In May 1865, Goff was assigned to the command of the post of Wilmington, North Carolina, and remained on duty in that state, the troops of his command occupying the forts on the coasts of North and South Carolina, being in temporary command of the District of Wilmington and Department of North Carolina. In June 1865, by recommendation of Major-General Charles J. Paine and Brigadier-General John W. Ames, his division and brigade commanders, he was promoted by the President to be brigadier-general of volunteers by brevet, "for long and faithful services and gallant conduct in the field". He was assigned on November 3, 1866, as president of a general court-martial at Raleigh, North Carolina, and, though his regiment was mustered out in February 1867, he was retained in the service as president of general court-martial till June 13, 1867, when he was honorably discharged, being among the last volunteer officers mustered out of service.

===Post war===
Upon returning to Rhode Island, he returned to his former occupation in Providence. He later became a Companion of the Massachusetts Commandery of the Military Order of the Loyal Legion of the United States and was assigned insignia number 3148.

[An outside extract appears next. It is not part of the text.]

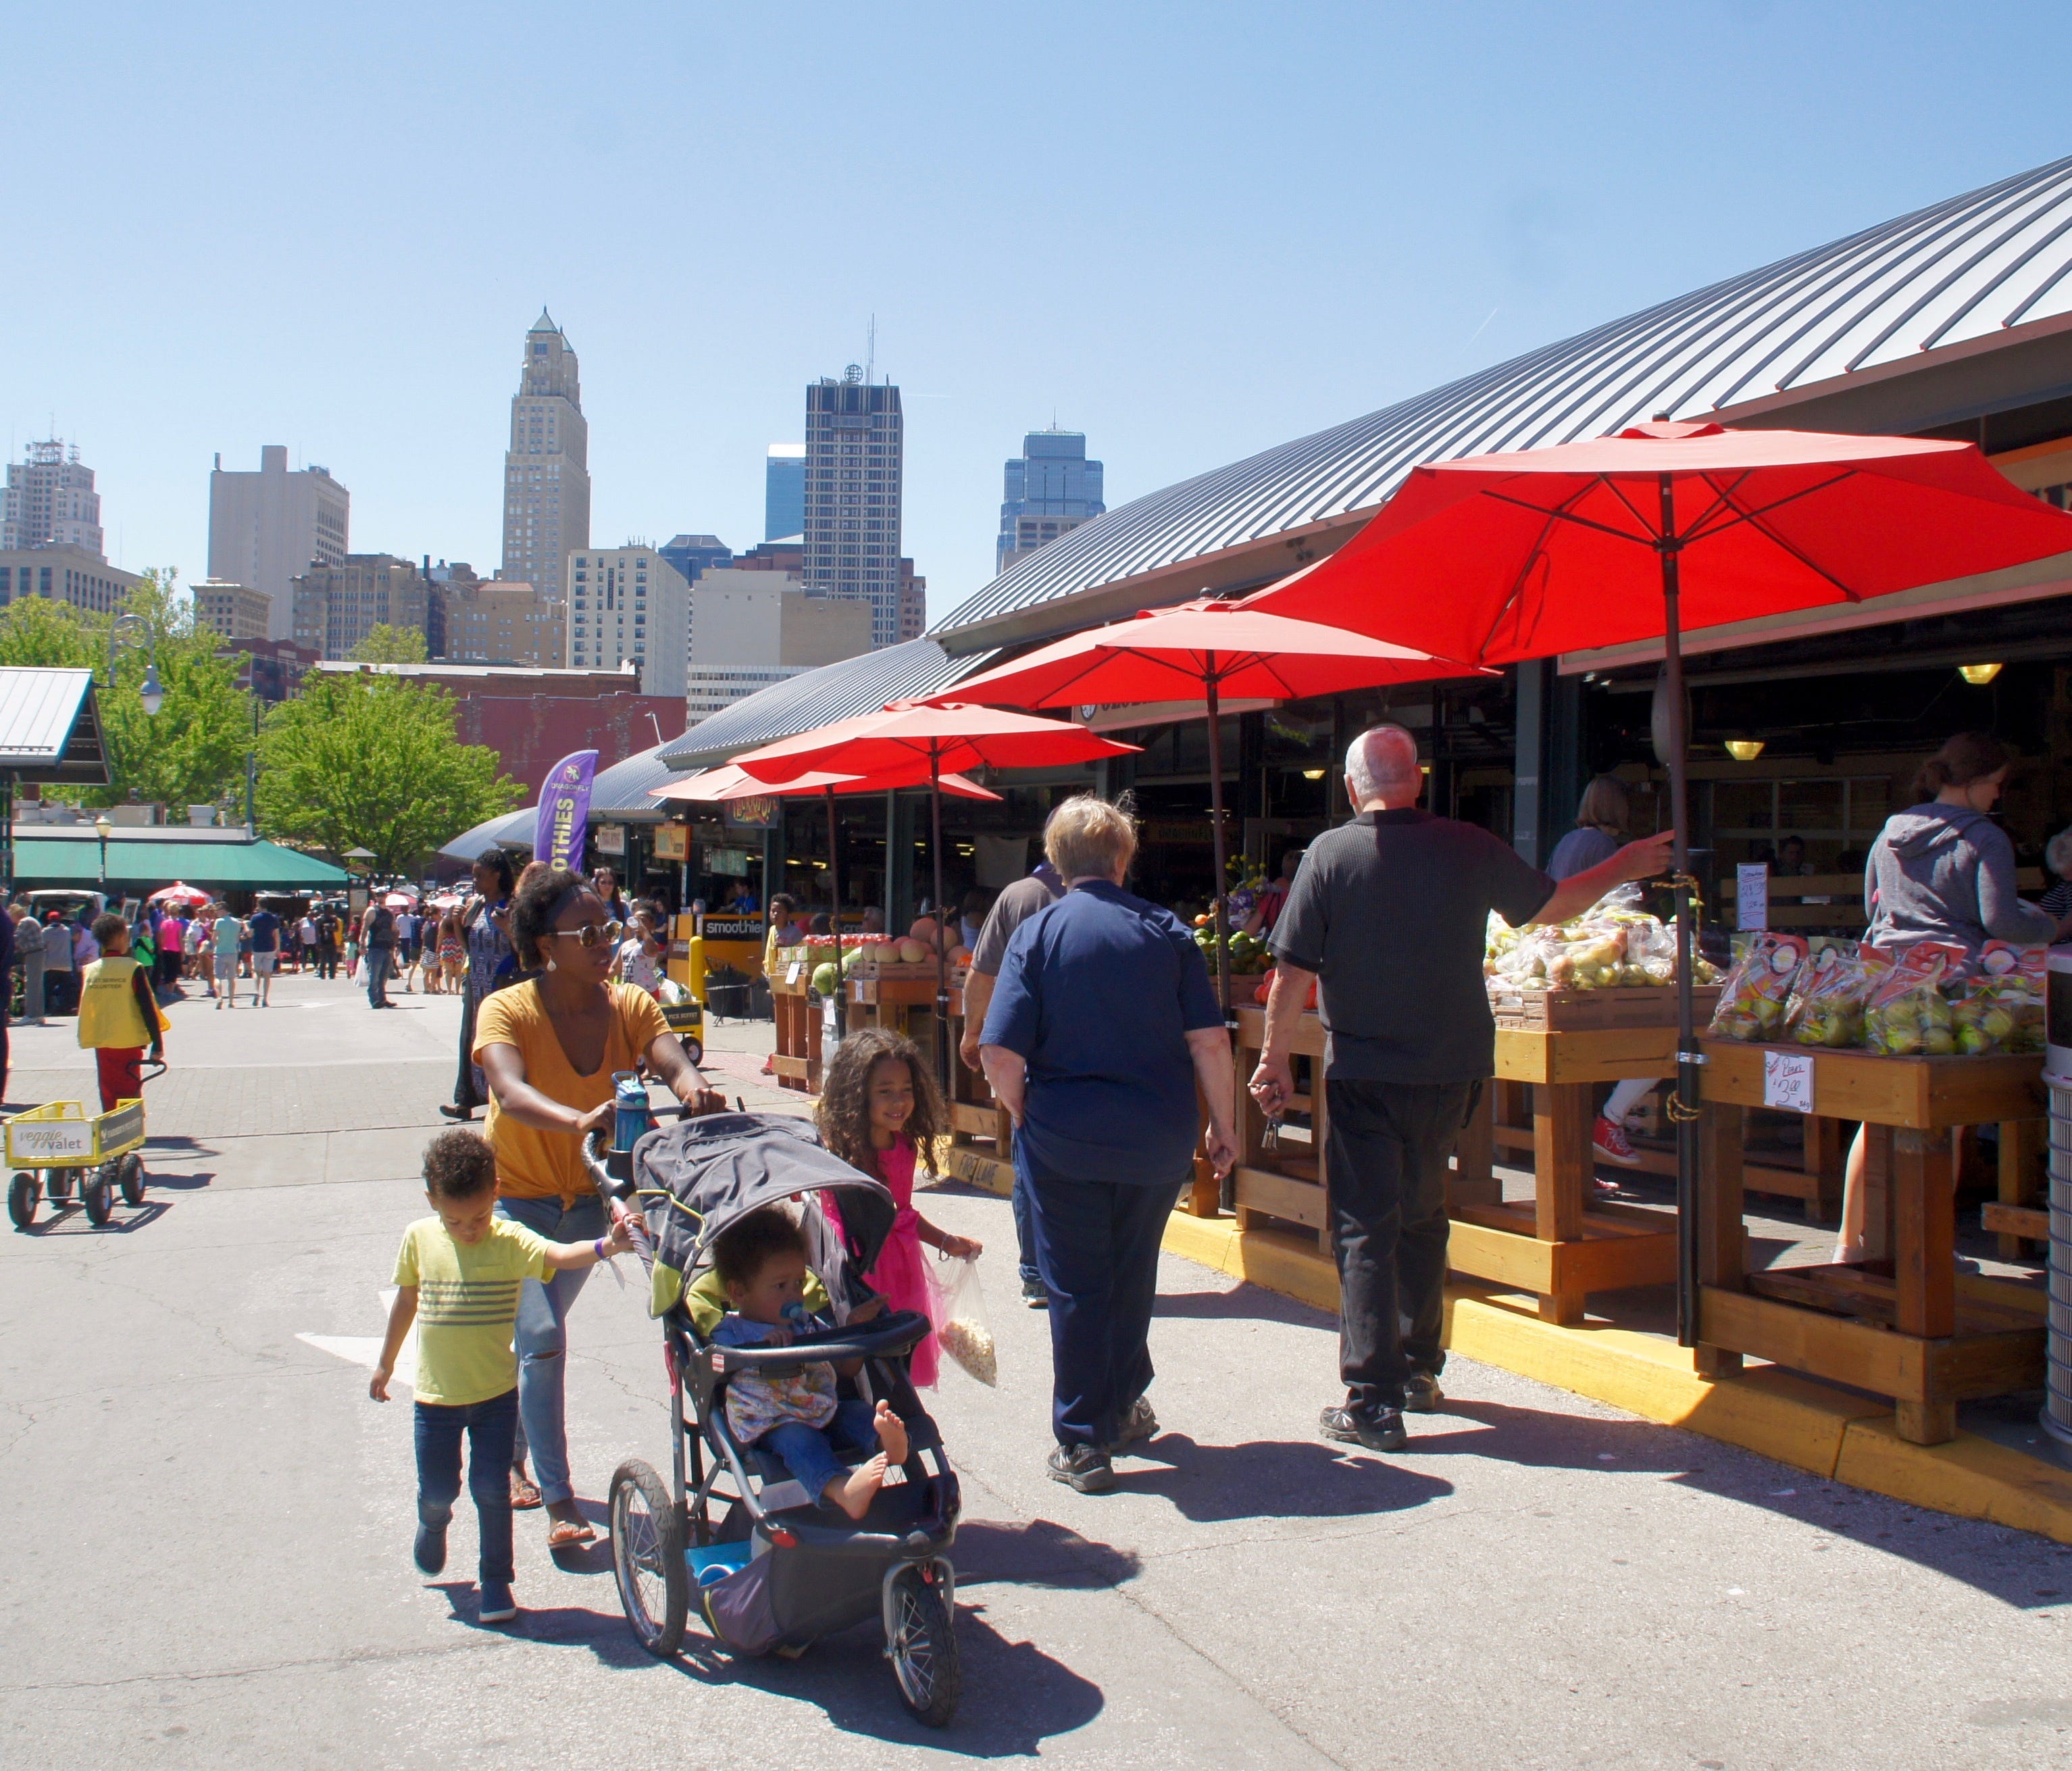 City Market resides on 11 acres in the historic River Market neighborhood between downtown Kansas City and the Missouri River.

His talents, character, and public services caused him to be greatly respected by his fellow citizens. On August 10, 1870, he was appointed by President Ulysses S. Grant as deputy collector of customs for the port of Providence, a position which he held for more than twenty years. Politically, he was a Whig and a Republican. In his religious practice he was a Baptist.

He died in Warren on April 17, 1903.

==Family==
General Goff married his first wife, Sarah S. Surgens of Warren, in November, 1849. By her he had three children - Ella S., Walter I., and Mabel D. Sarah died on October 13, 1888. He later married Helen M. Surgens, of Boston, Massachusetts. Helen died in 1912.